Table 12.4 provides an example of the composition of adjusted disposable income on the basis of its underlying contributions. A distinction has been made into positive and negative contributions, both broken down into micro data, imputations and alignment of the micro and macro data. The micro data reported under the positive contributions show the sum of all the micro data that positively contribute to adjusted disposable income, such as the micro data underlying compensation of employees, interest received, distributed income of corporations received and current transfers received. The micro data under the negative contributions show all the micro data that negatively contribute to adjusted disposable income, such as the micro data underlying interest paid, current on income and wealth, and current transfers paid. Whereas this will usually be relatively straightforward for micro data and for imputed items, this may be less straightforward for the alignment of micro data to national accounts totals. Whether this should be recorded as positive or negative contribution will depend on whether the micro aggregate exceeds or falls short of the national accounts total and whether the item itself positively or negatively contributes to the aggregate. For example, if the micro aggregate for interest received exceeds the national accounts total, the alignment of the micro-macro gap will negatively contribute to adjusted disposable income. But the same will be the case when the micro data underlying taxes paid fall short of the national accounts totals. Compilers should be aware of this issue to properly account for the positive and negative contributions of the various underlying components.

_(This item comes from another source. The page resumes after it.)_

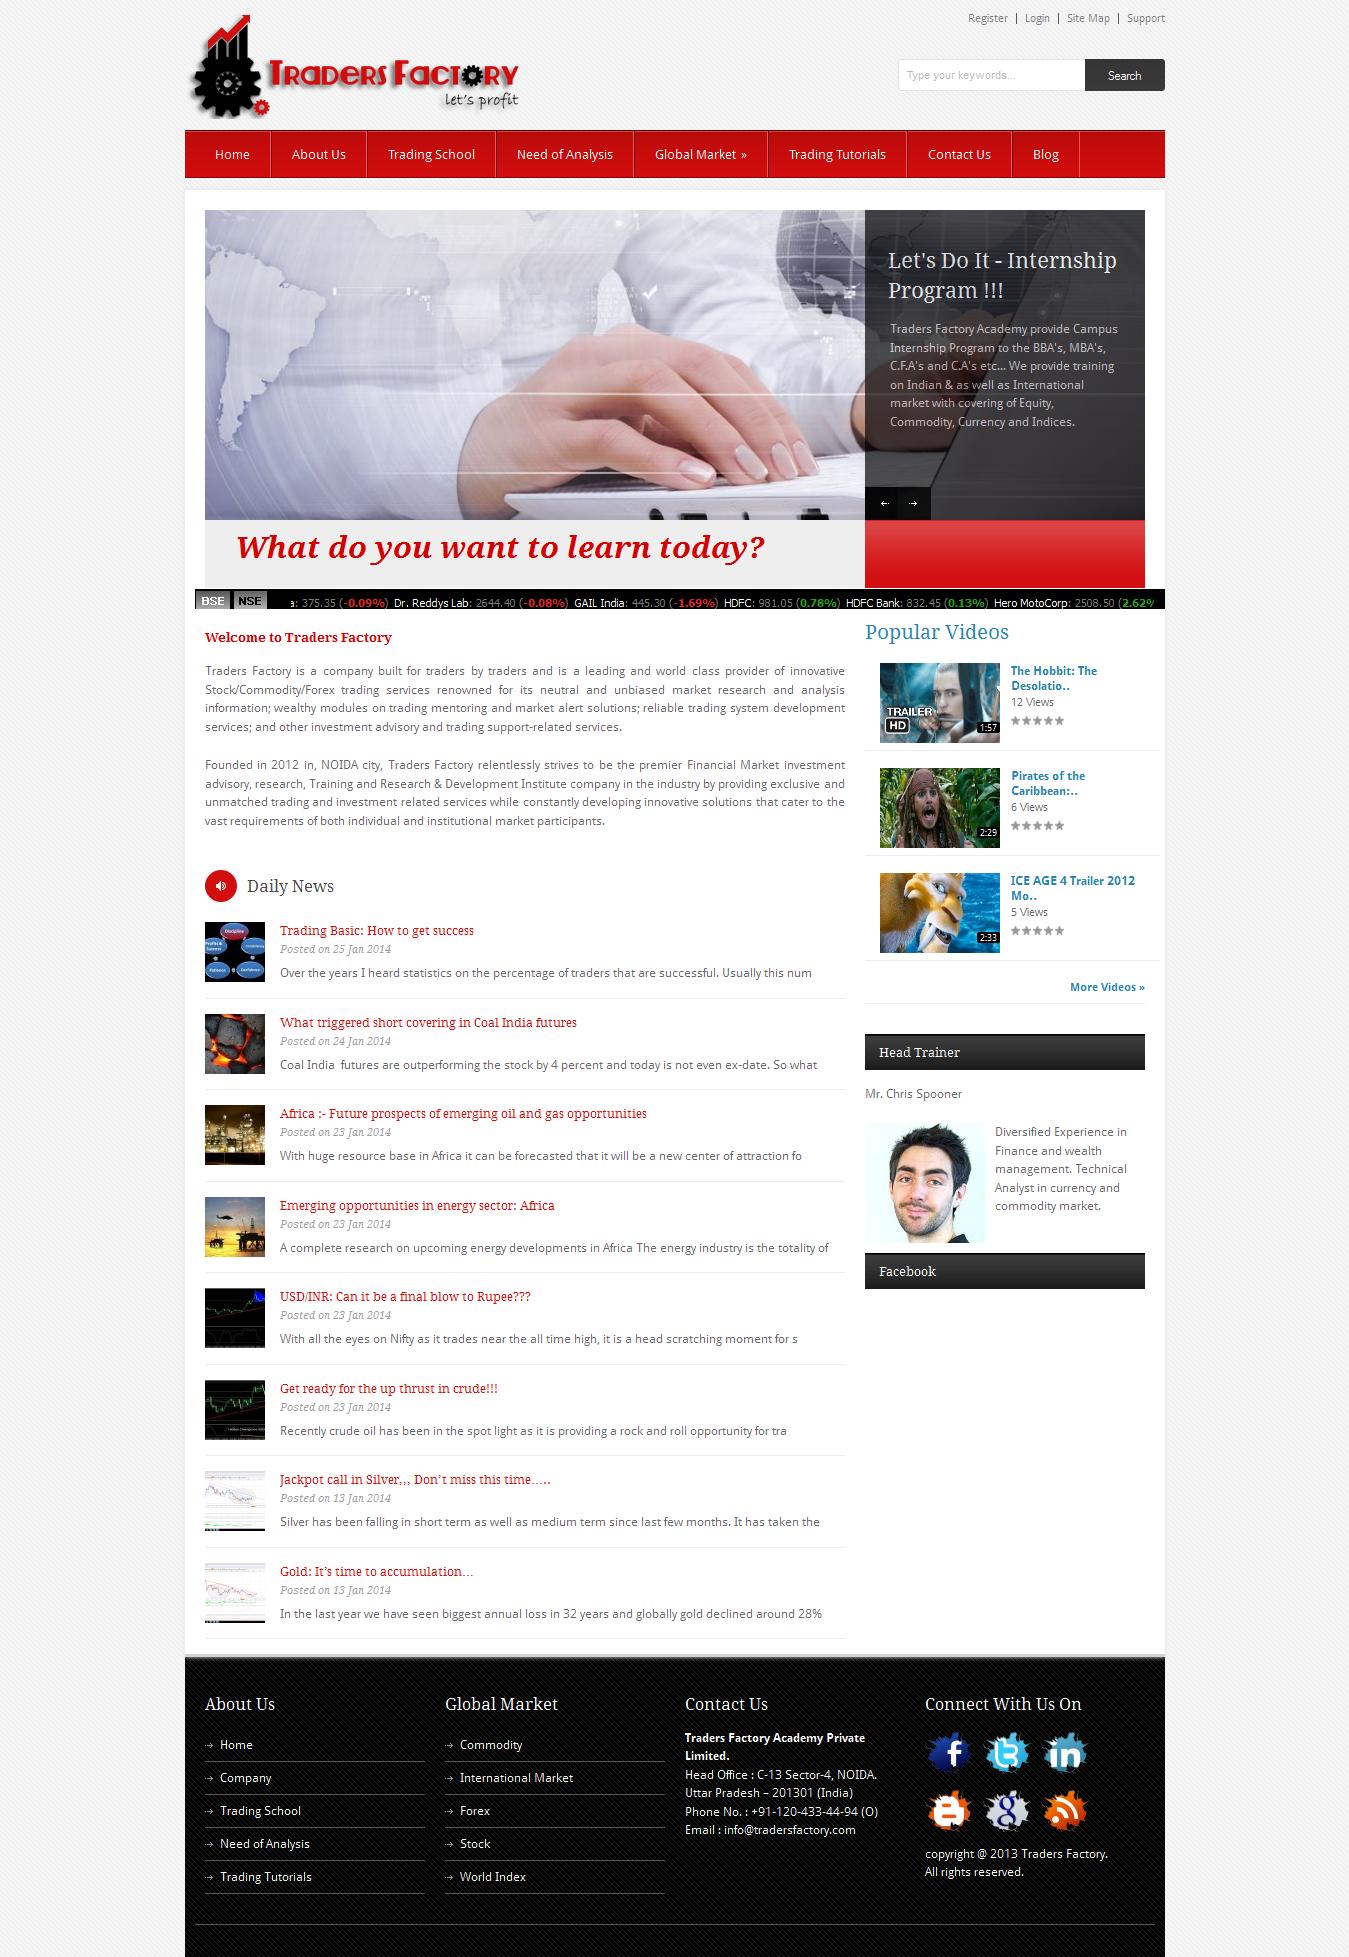 tradersfactory_com_homepage.png

Table 12.4. Example of the composition of an item on the basis of its underlying contributors
Composition of adjusted disposable income as result of underlying micro data, imputations and alignment of micro-macro gaps.

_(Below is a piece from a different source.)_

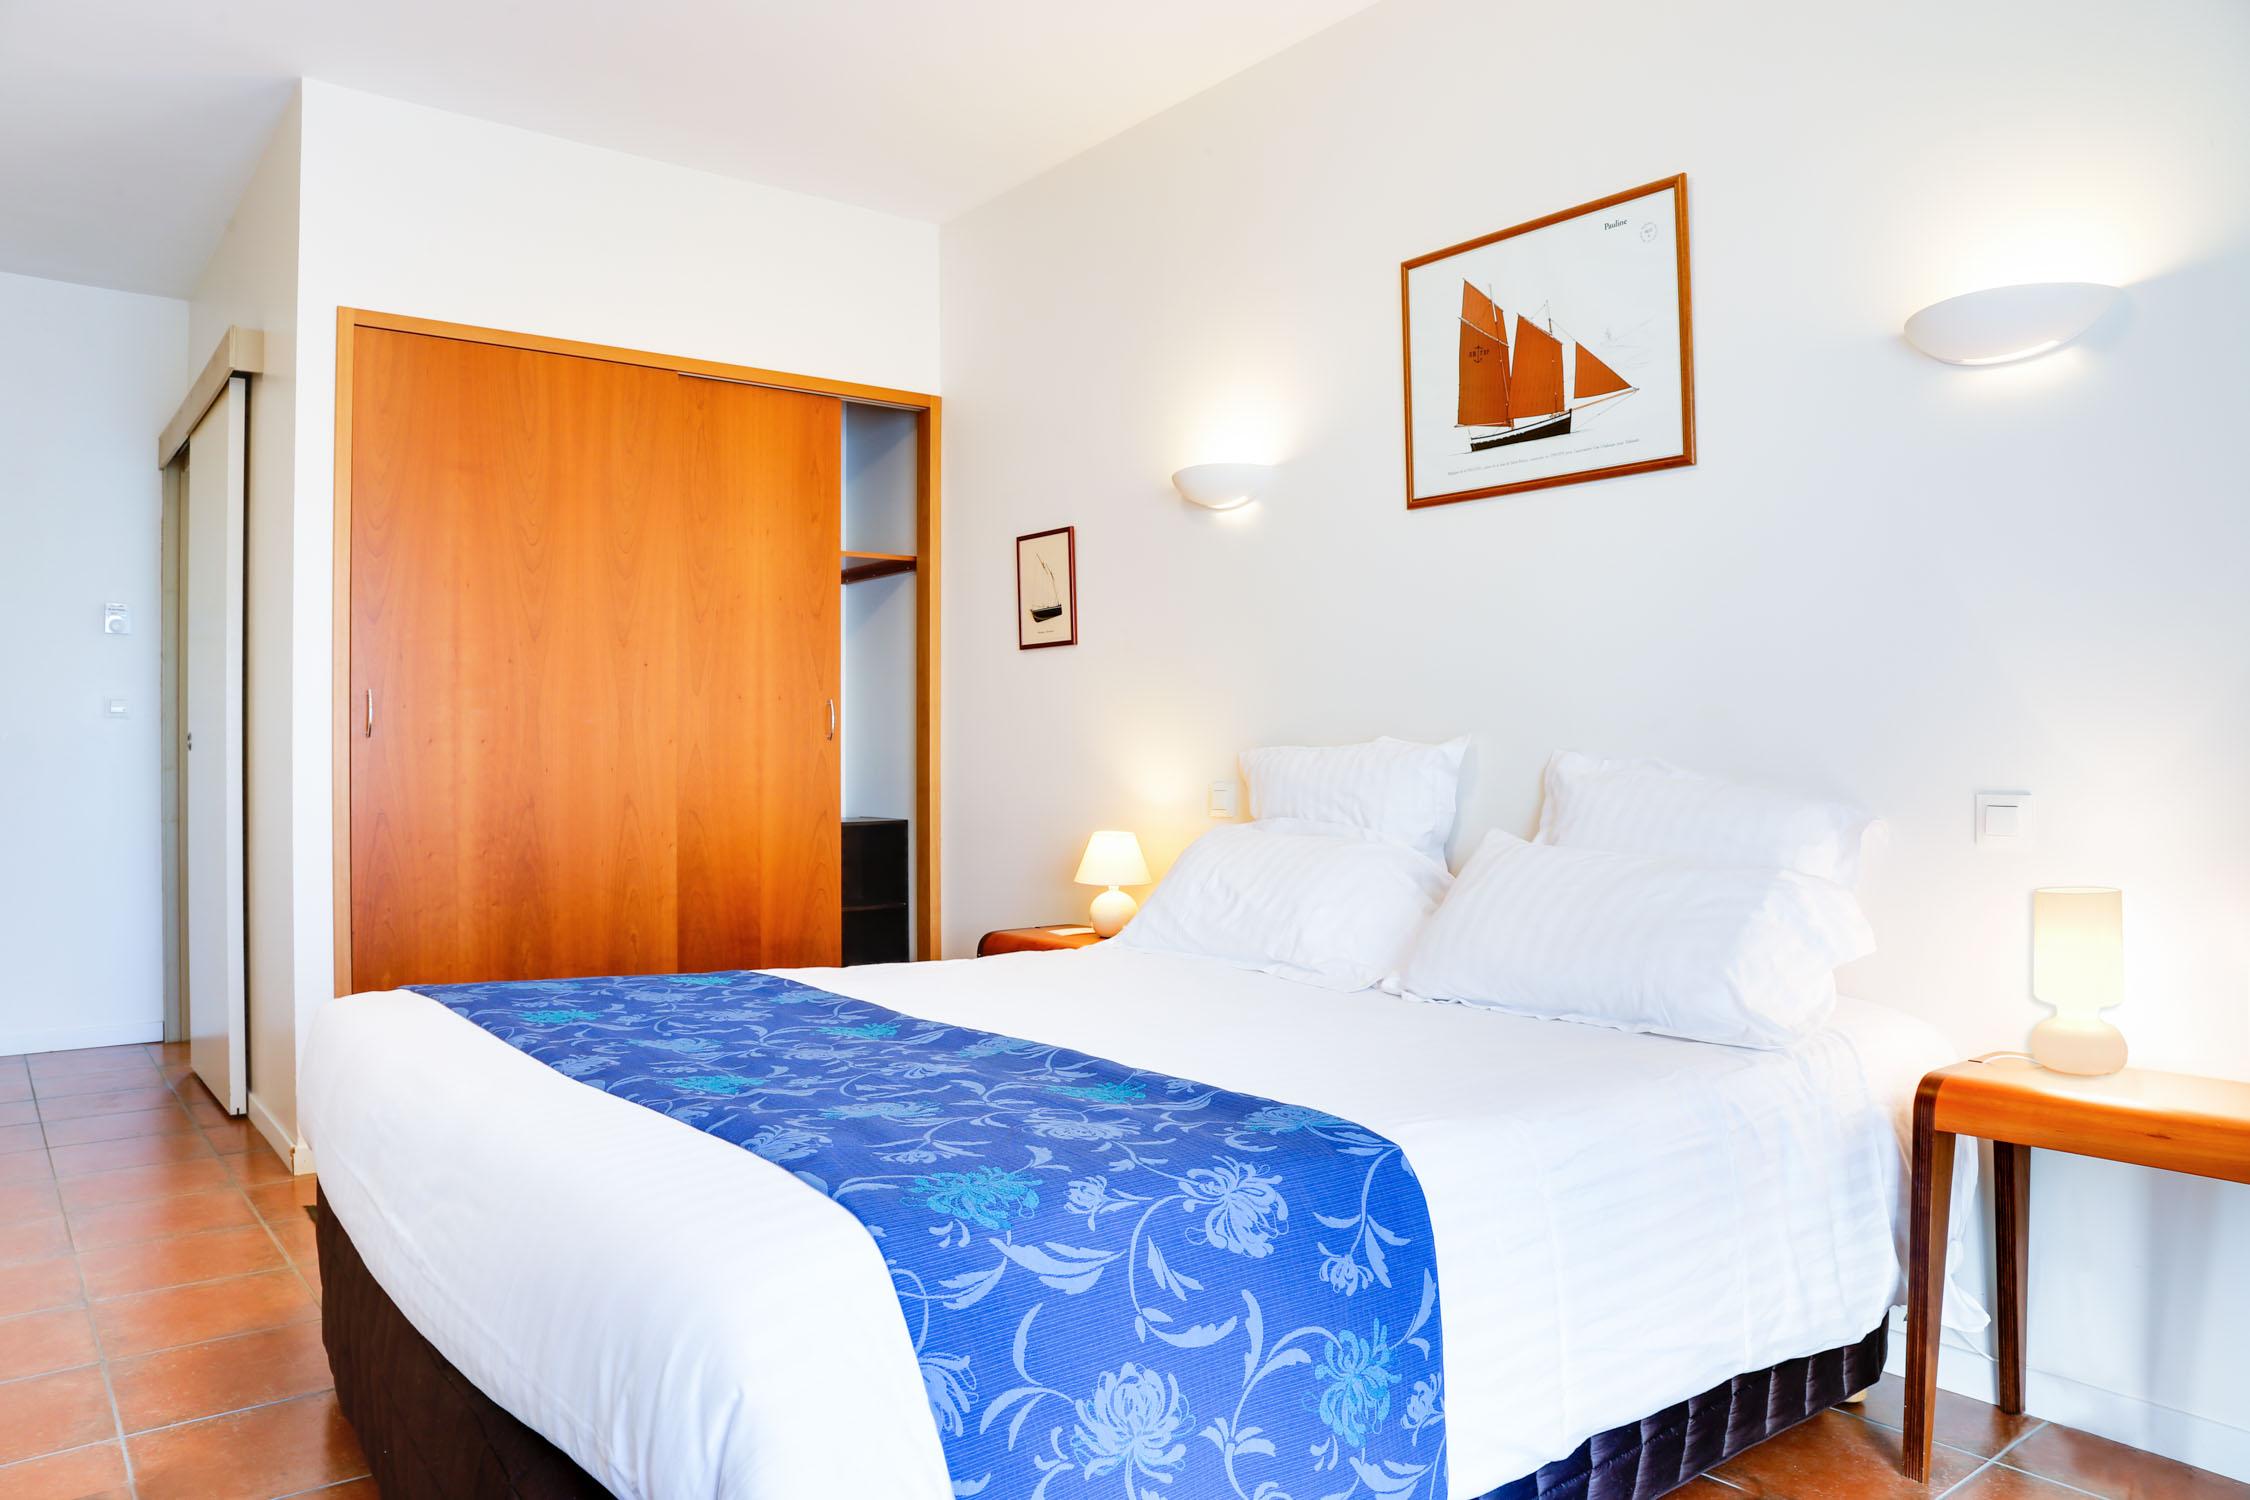 L h tel en vid o hotel chevalier gambette - Humidifier l air d une chambre ...

Adjusted disposable income |
Q1 |
Q2 |
Q3 |
Q4 |
Q5 |
---|---|---|---|---|---|
NA aligned total |
165 |
185 |
245 |
250 |
295 |
Positive contributions (+) |
|||||
Micro data |
200 |
250 |
300 |
350 |
400 |
Imputation |
40 |
35 |
40 |
28 |
30 |
Alignment of micro-macro gap |
15 |
20 |
30 |
22 |
25 |
Negative contributions (-) |
|||||
Micro data |
60 |
80 |
90 |
110 |
120 |
Imputation |
20 |
20 |
20 |
20 |
20 |
Alignment of micro-macro gap |
10 |
20 |
15 |
20 |
20 |
The composition of (aggregated) items may also be presented graphically. Figure 12.1 provides an example for the composition of adjusted disposable income. It presents distributional results for the five quintiles, showing the positive and negative components, broken down into underlying micro data, imputations and alignments.5
When analysing the results, the contributions can be assessed at an aggregated level, such as presented in Table 12.4 and Figure 12.1. The positive and negative contributions may be further broken down into underlying components. This may provide further insight into which items have the largest contributions to aggregates for specific household groups. Furthermore, it may provide more insight in how different allocations for some specific items for which the allocations are deemed to be less reliable, may affect the distributional results. For example, allocating a larger part of a micro-macro gap to lower income households will change the overall distribution and may at the same time increase the plausibility of the overall results.

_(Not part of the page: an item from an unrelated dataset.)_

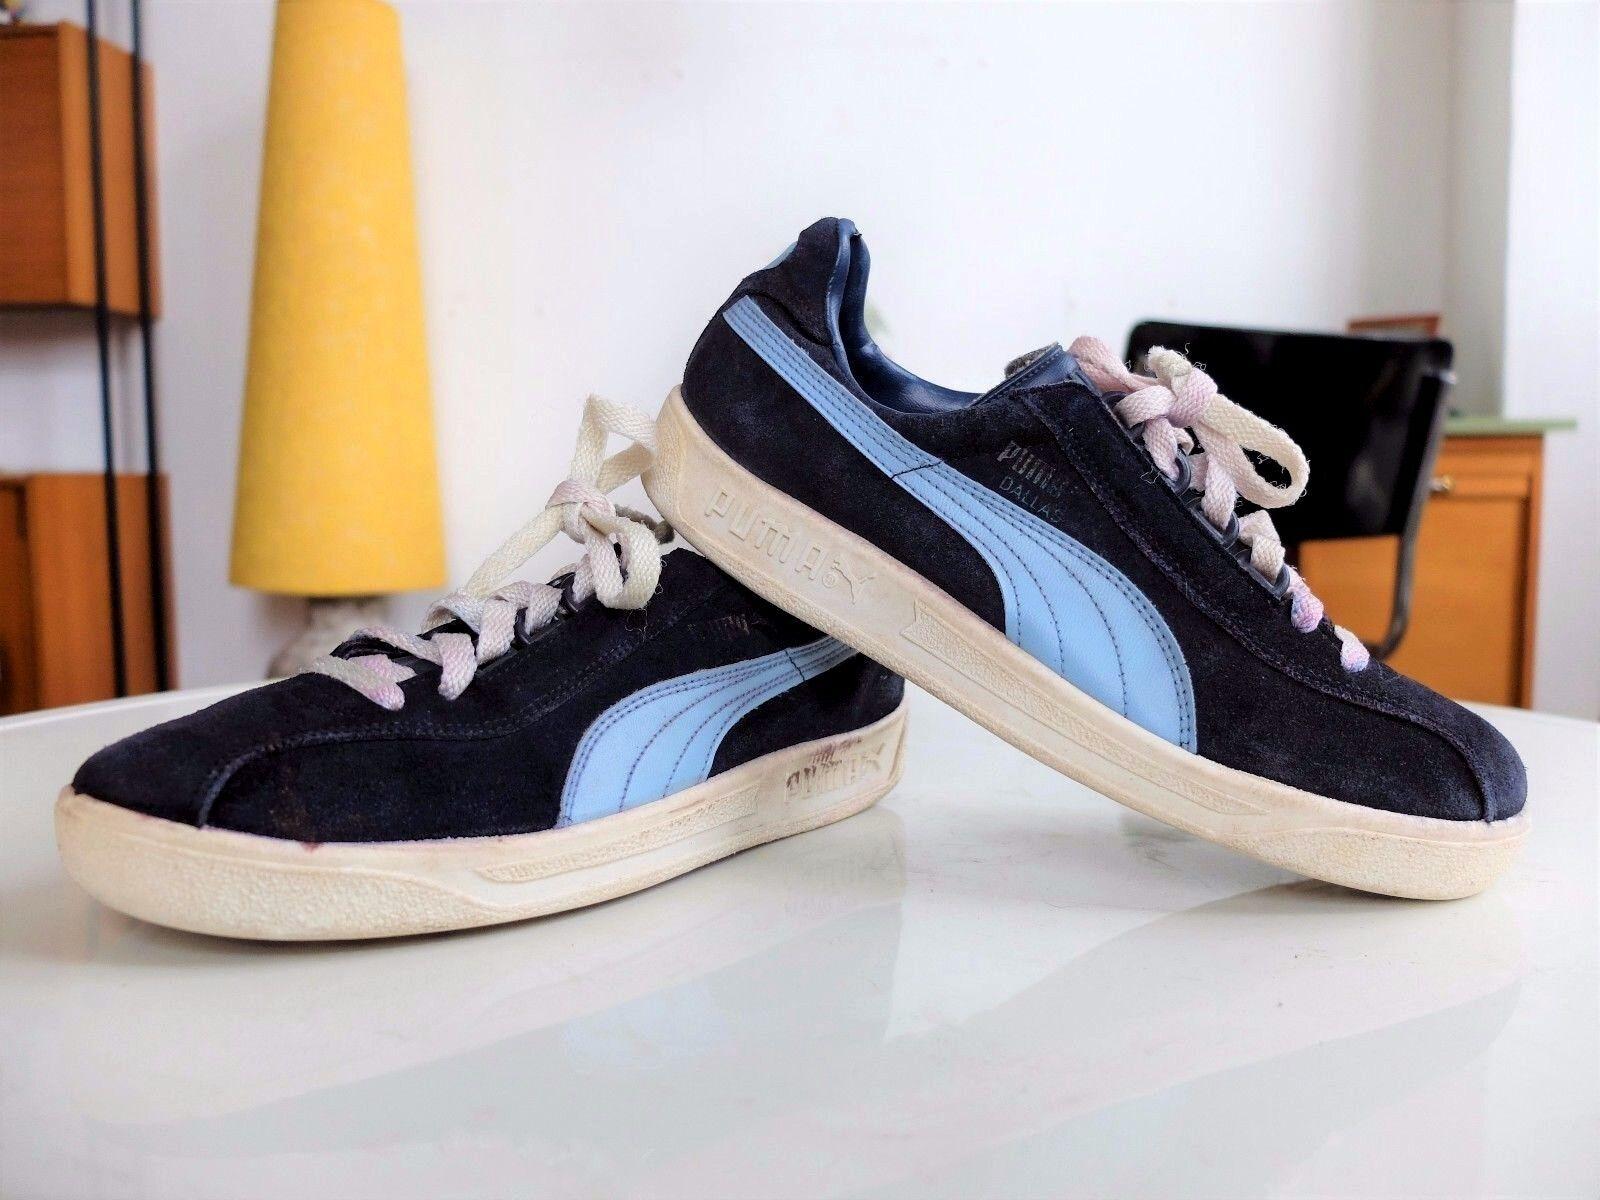 PUMB DBLLBS Sneakers Blue Kult Turnschuhe 70er TRUE VINTBGE UK 5,5 Sportschuhe

By carefully assessing the margins of error surrounding the components contributing to the distributional results, one may derive the margins surrounding these outcomes and assess how these may be affected by different allocations. The initial allocation may already be the result of a careful analysis considering all available (direct or indirect) information, but there may still be some margin surrounding these allocations. This will be particularly true for allocations of micro-macro gaps in case no information is available on what may have been causing the remaining gap.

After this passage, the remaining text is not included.